Abstract

Introduction: Bronchiolitis Obliterans Syndrome (BOS) after allogeneic hematopoietic stem cell transplantation (HSCT) is a progressive, chronic lung disease in which persistent inflammation leads to obstruction of the small airways. The incidence of BOS rises due to steady increases in utilization of HSCT. Mortality of BOS is high, and prompt recognition and treatment is mandatory. This study describes the long-term course of BOS in four children post HSCT. Method: All paediatric patients with HSCT between 2000–2017 were reviewed. All patients with BOS were included in the study. Lung function parameters and biometric data were investigated over a period of 3.9–9.9y (median 4.9). In total, 169 available lung function tests were evaluated and changes in lung function parameters were analyzed. All side effects due to systemic steroid treatment were reviewed. Result: Of 526 patients, 236 (44.8%) suffered from acute GvHD. Mortality data were related to number of organs involved: GvHD one organ n= 172, mortality (29 %); GvHD two organs n=46, mortality (34.8%) and GvHD>3 organ n=18 mortality (61.1%). Of these survivors four developed chronic BOS with lung function impairment (FVC 150%).
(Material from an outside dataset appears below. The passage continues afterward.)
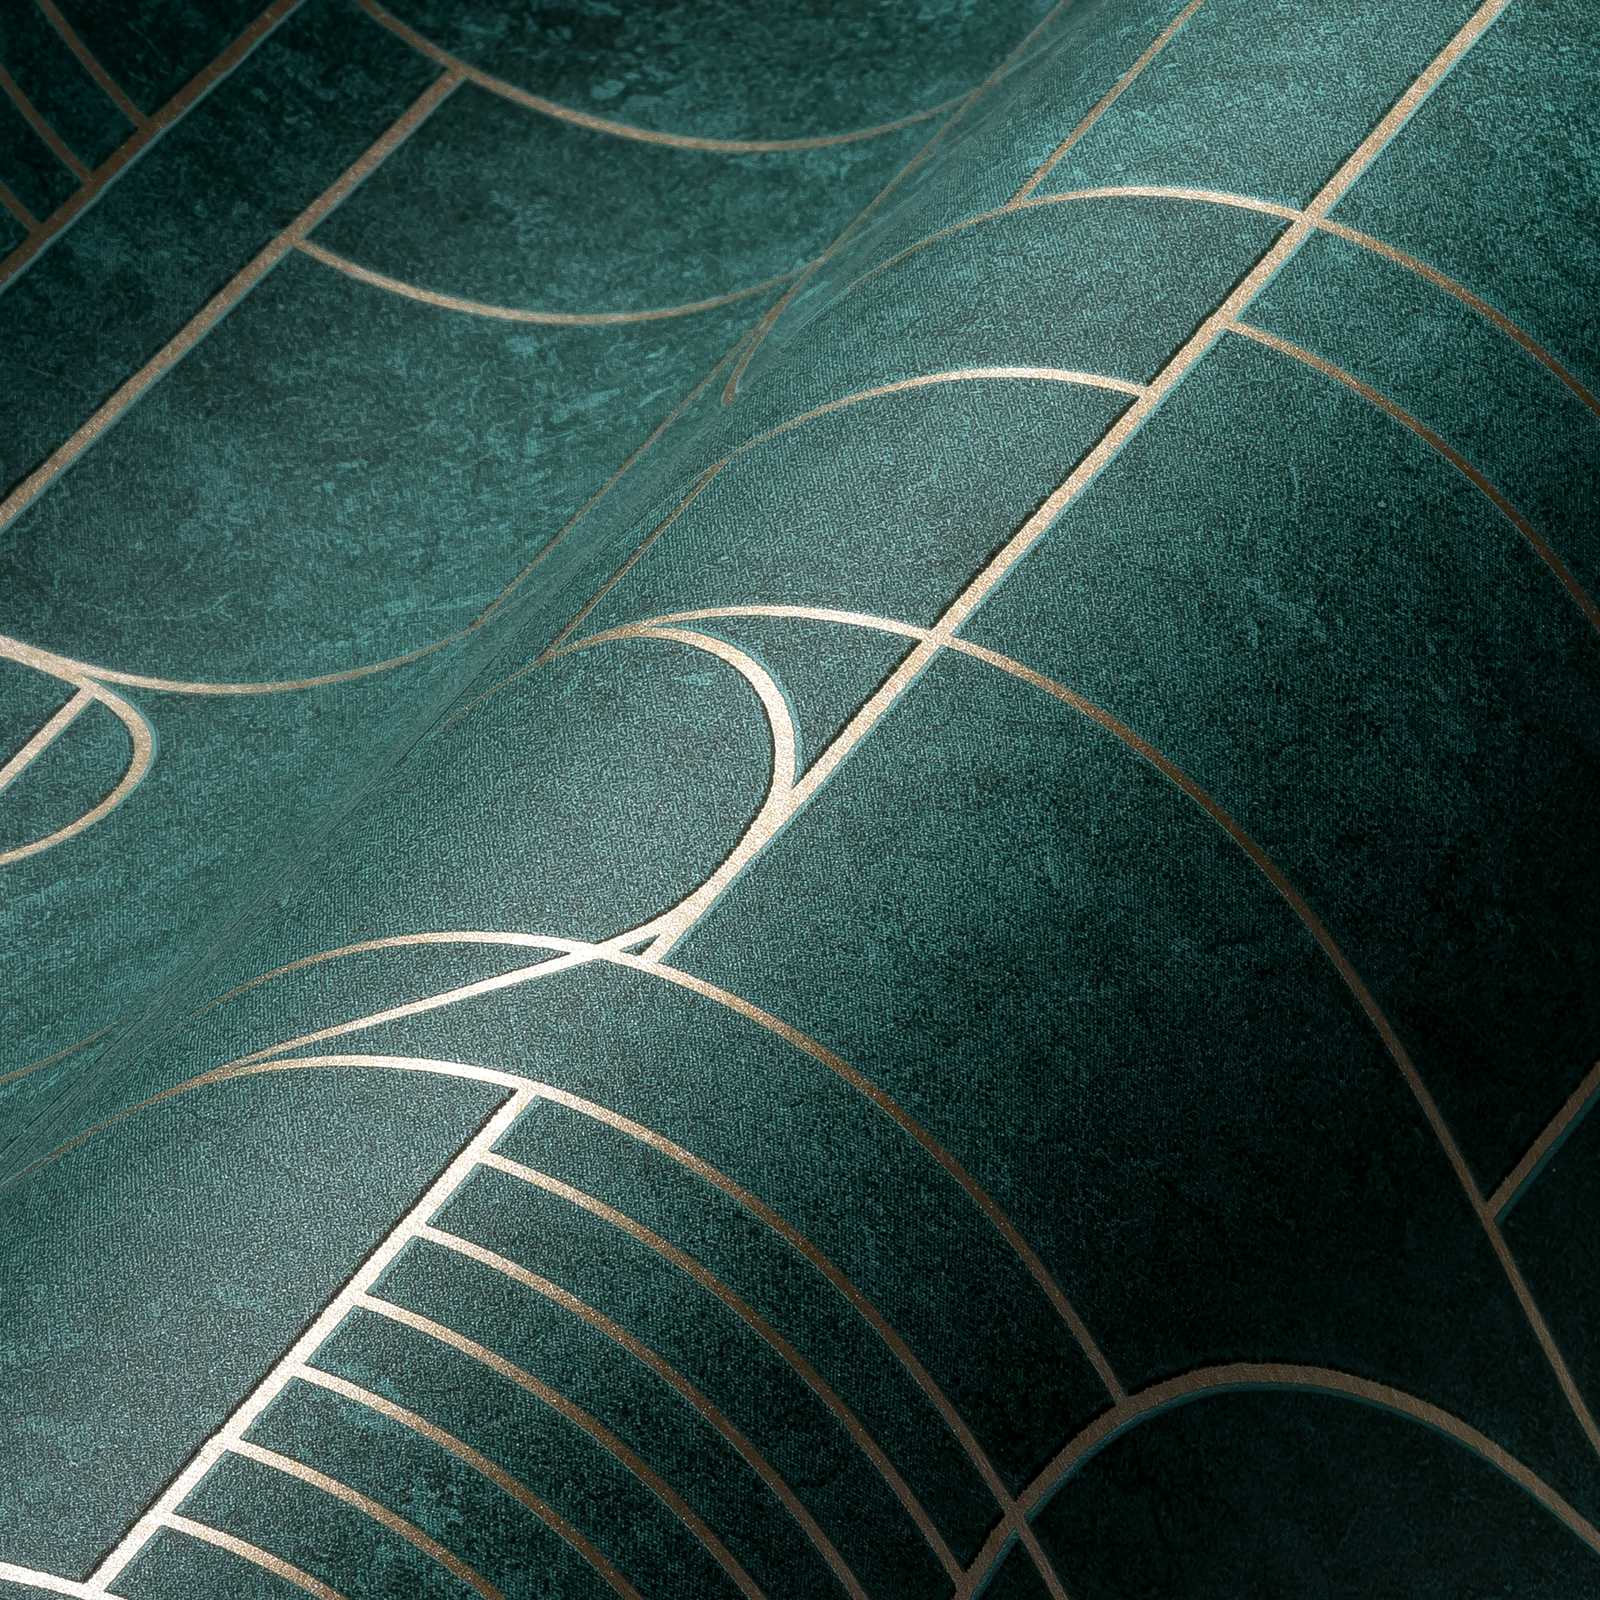             Tegellook behang art deco design gemarmerd - groen, metallic
        
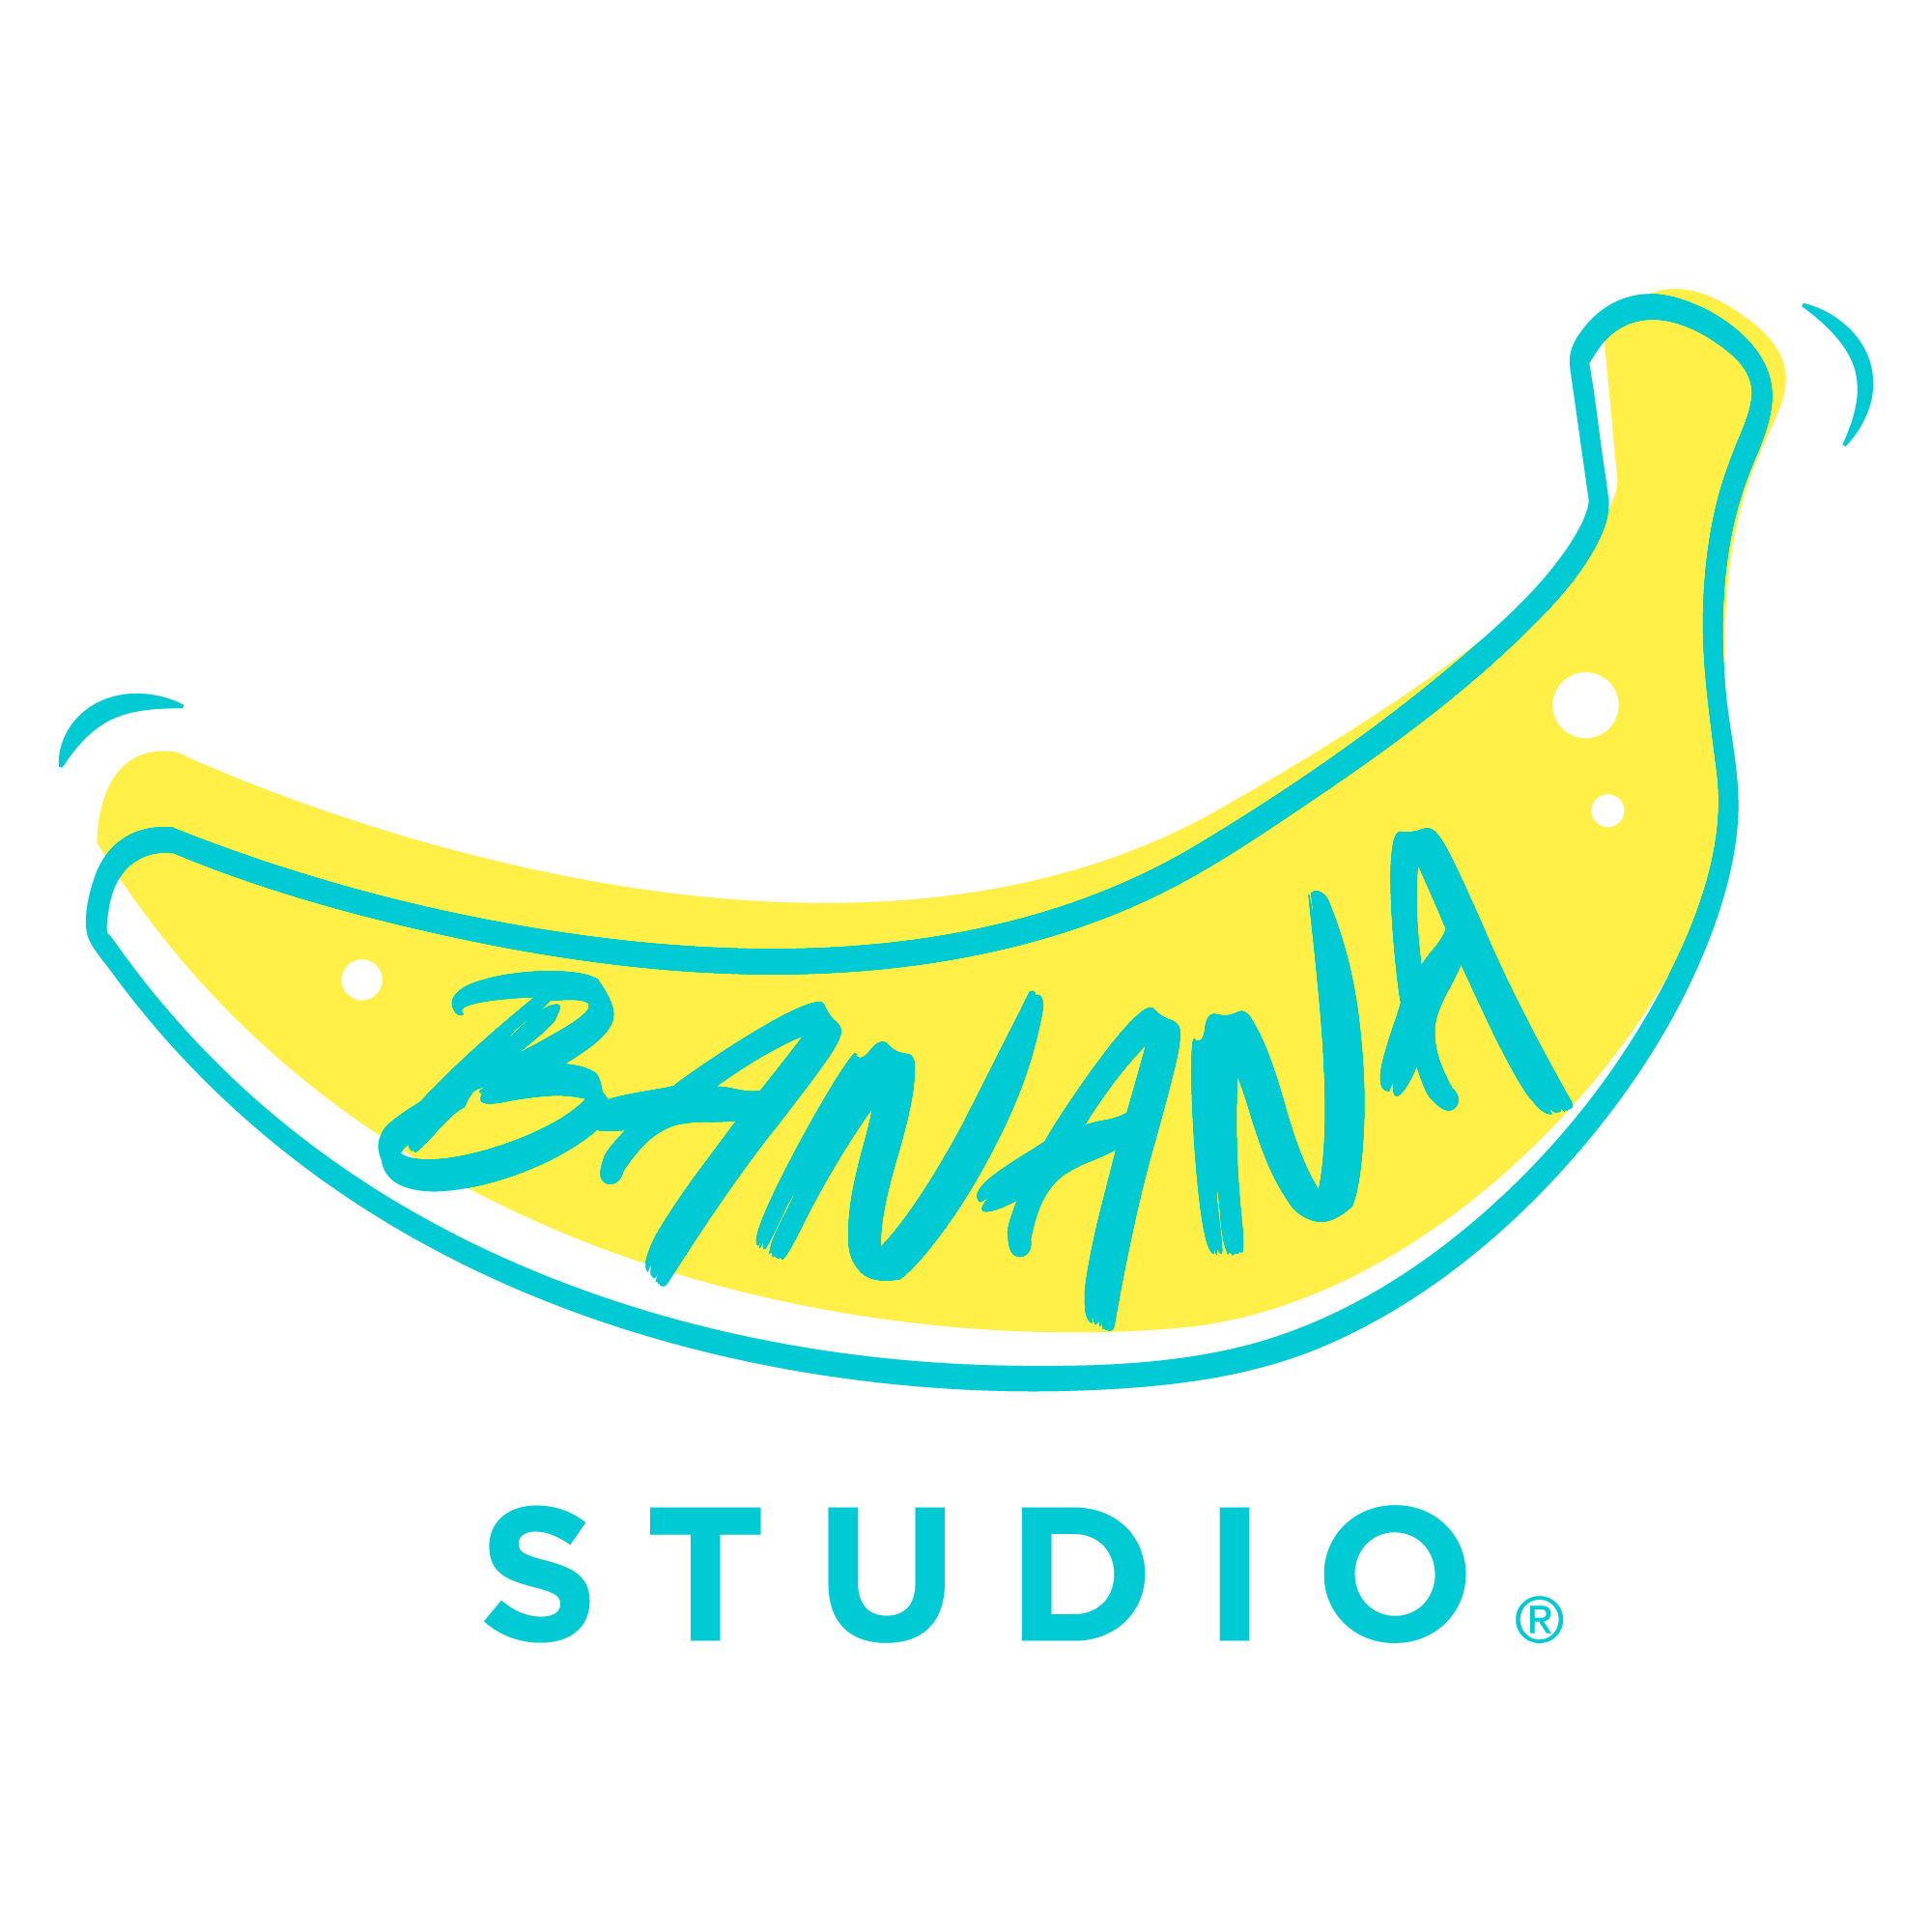 Le Banana Studio

Three presented with typical signs of BOS on computer tomography and broncho-alveolar lavage with neutrophils. Conclusion: Chronic BOS of the lung presenting with progressive loss of lung function is a rare but devastating condition and one of the major causes of mortality in HSCT. Inconspicuous CT patterns and normal BAL post HSCT do not exclude severe chronic BOS. Further research is required to develop therapeutic concepts in HSCT survivors with BOS.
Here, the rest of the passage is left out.